Plus, once you're in the grounds, Wimbledon re-sells tickets to Center Court from people who have those tickets but leave for the day -- all for 5 GBP (the money goes to charity)! So we got to see Federer vs. Mannarino! And when we were standing courtside on one of the other courts, two people leaving for the day just gave us tickets for Court 3, and we got to see Ferrer vs. Harrison. So…it can also be worth the wait too!
And from Michele: I read the question in your column today about getting tickets to Centre Court Wimbledon. I used Championship Tennis Tours to attend the French Open Final in 2007. The tickets were expensive and I was sitting in the last row, but it worked. I cannot specifically vouch for their Wimbledon tickets, but I believe they are a reputable agency.
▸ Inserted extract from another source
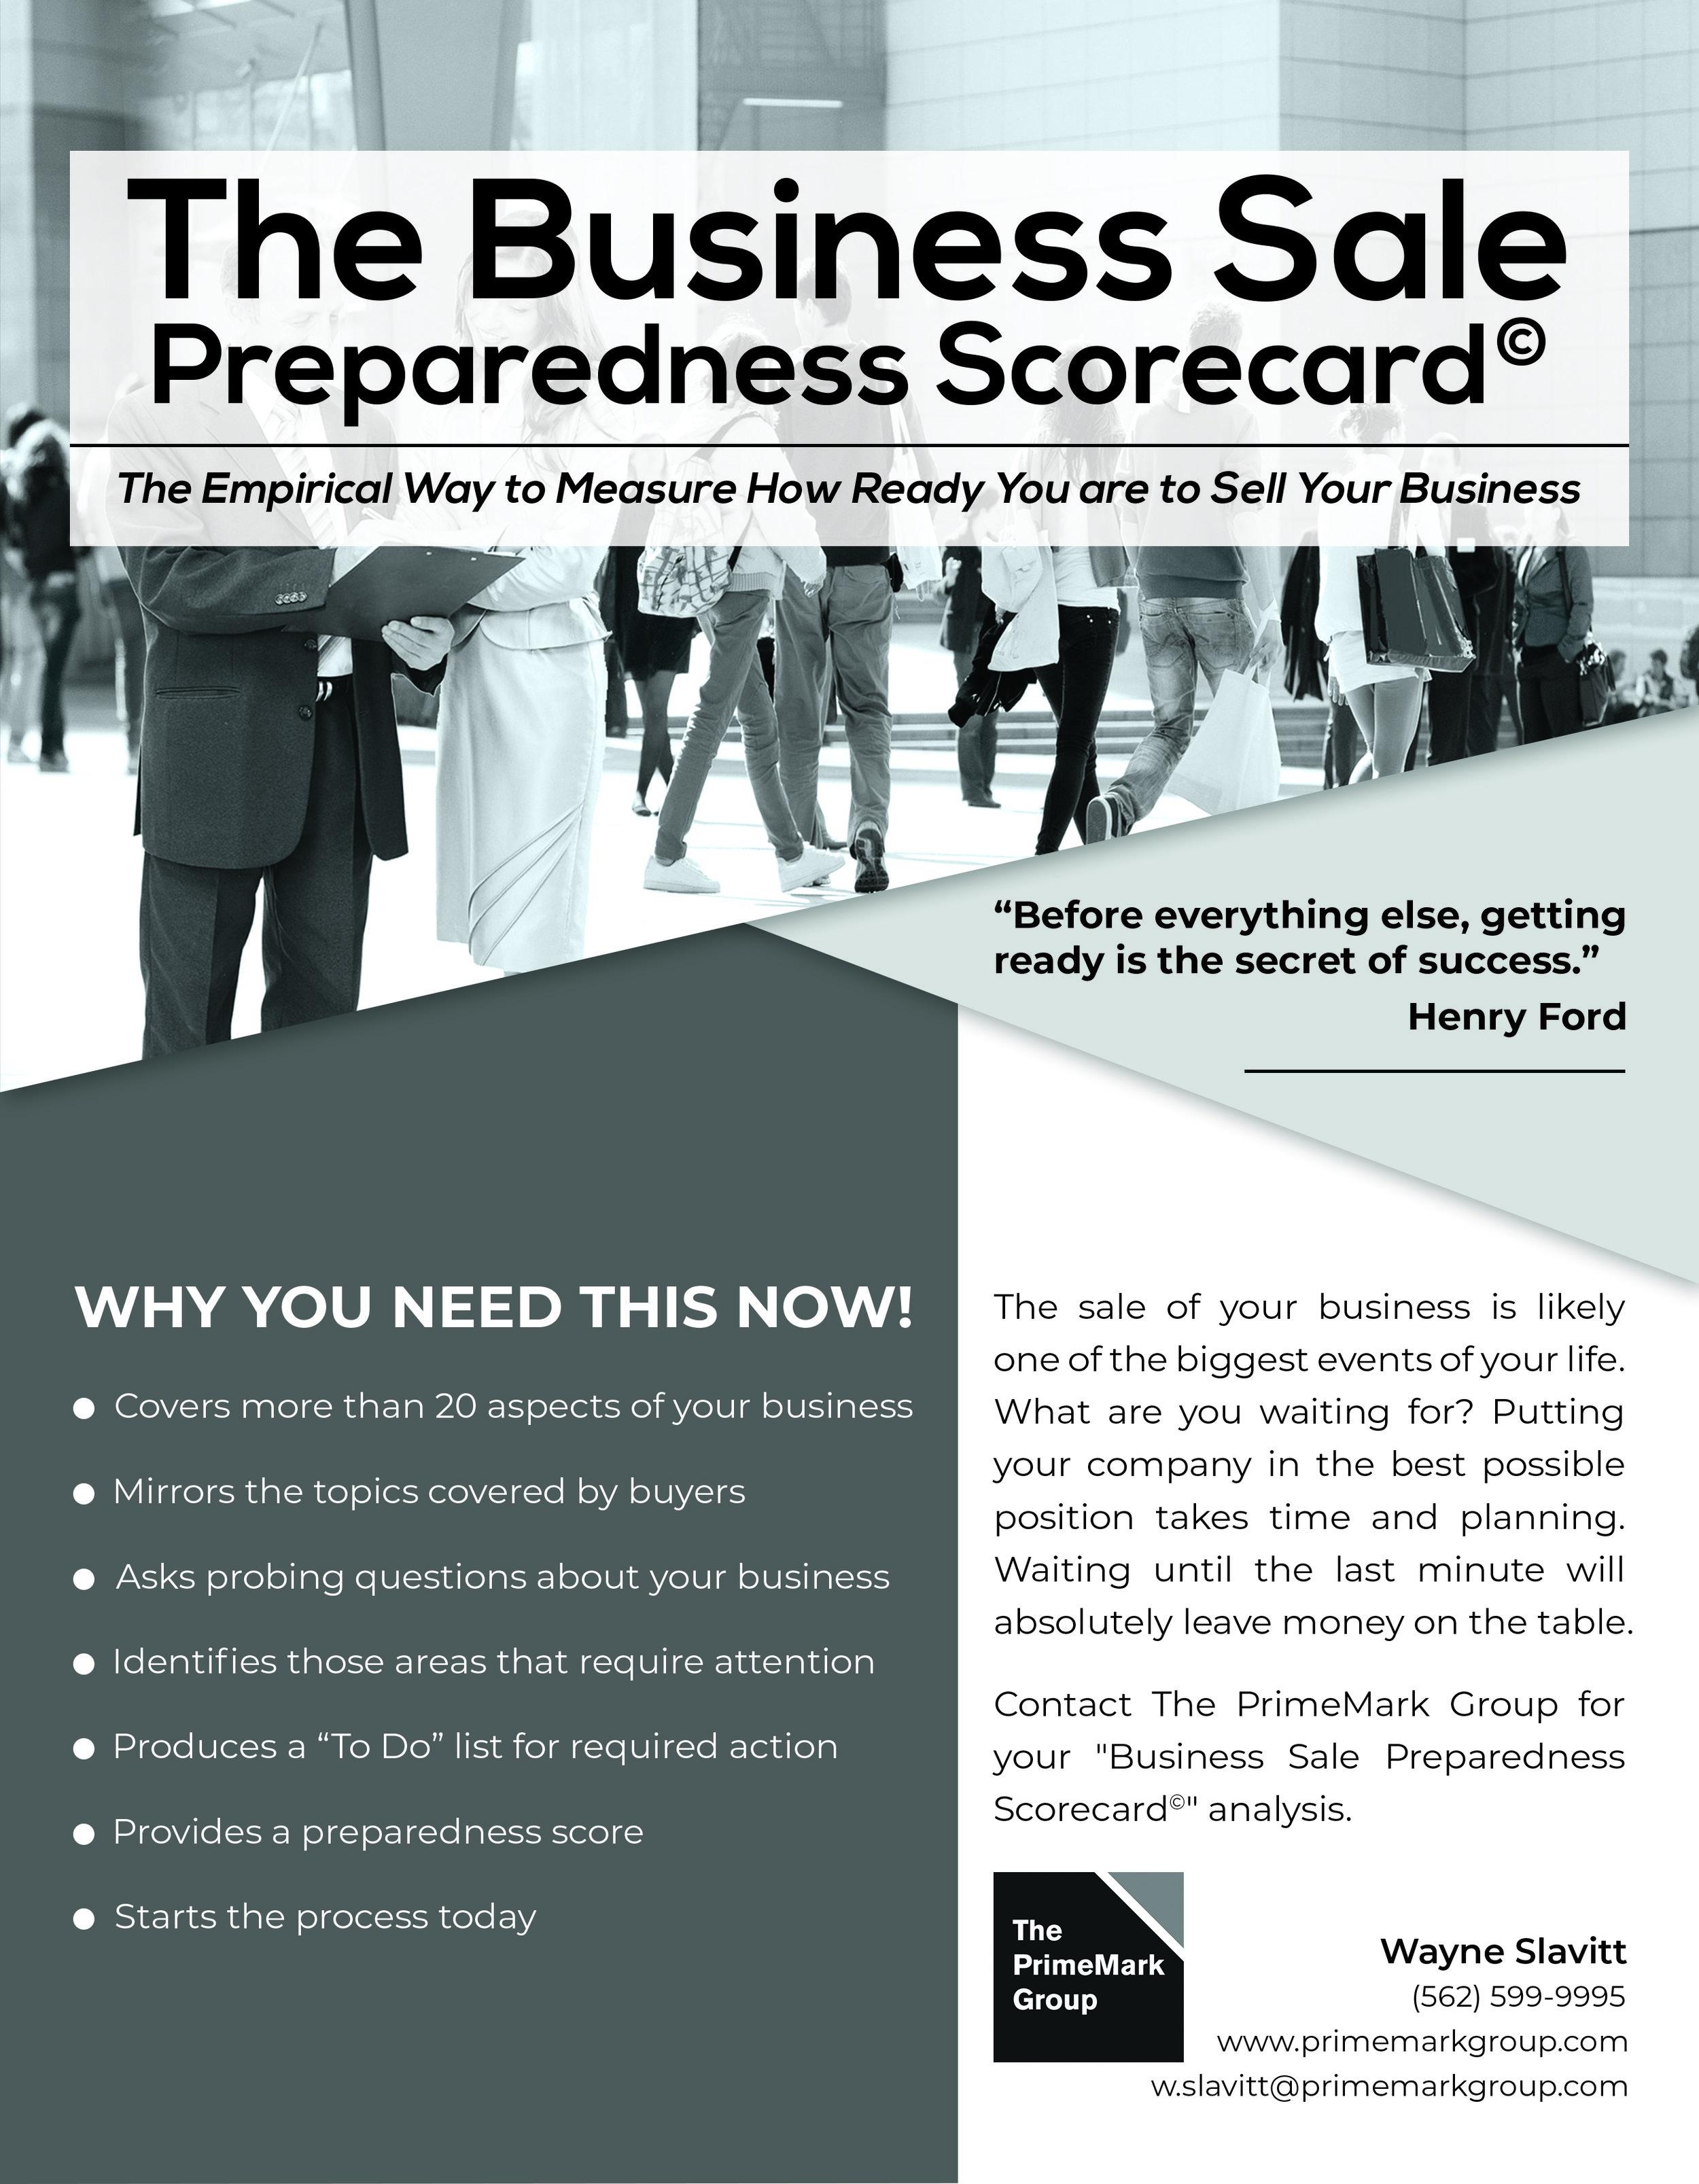 Business Preparedness Scorecard Flyer.jpg

One other note: There's another way to get tickets to Wimbledon that does not involve the lottery that I don't think enough people know about. It's no guarantee but I think you have better odds than the lottery. Ticketmaster releases a certain amount of tickets 24 hours prior to each day's play (this does not apply to the last four days of the tournament). But if you're in London and want to take a shot, this worked for me and I was able to go on the second Monday in 2012 and, best part, pay face value. Hope that was helpful.
And from Fiona: In response to one of your mailbag letters, I bought a travel package to Wimbledon in 2009 using Keith Prowse (I found the agency on the official Wimbledon website). It was expensive but pretty good. My package was two days with one day on Centre Court, the other day on Court one. There was also a hospitality tent in the lawns opposite Wimbledon, just a quick walk. You get lots of food and drinks, and a Wimbledon backpack full of goodies. I stayed in a hotel for three nights just a couple of tube stops from Wimbledon. It was where the players stayed, as I met a few of them in the hotel. Breakfast was included and you also get a free pass to the Wimbledon museum. Hope that helps.
• Ken Wells has this week’s Long Lost Siblings: Dave Grohl and Paolo Lorenzi.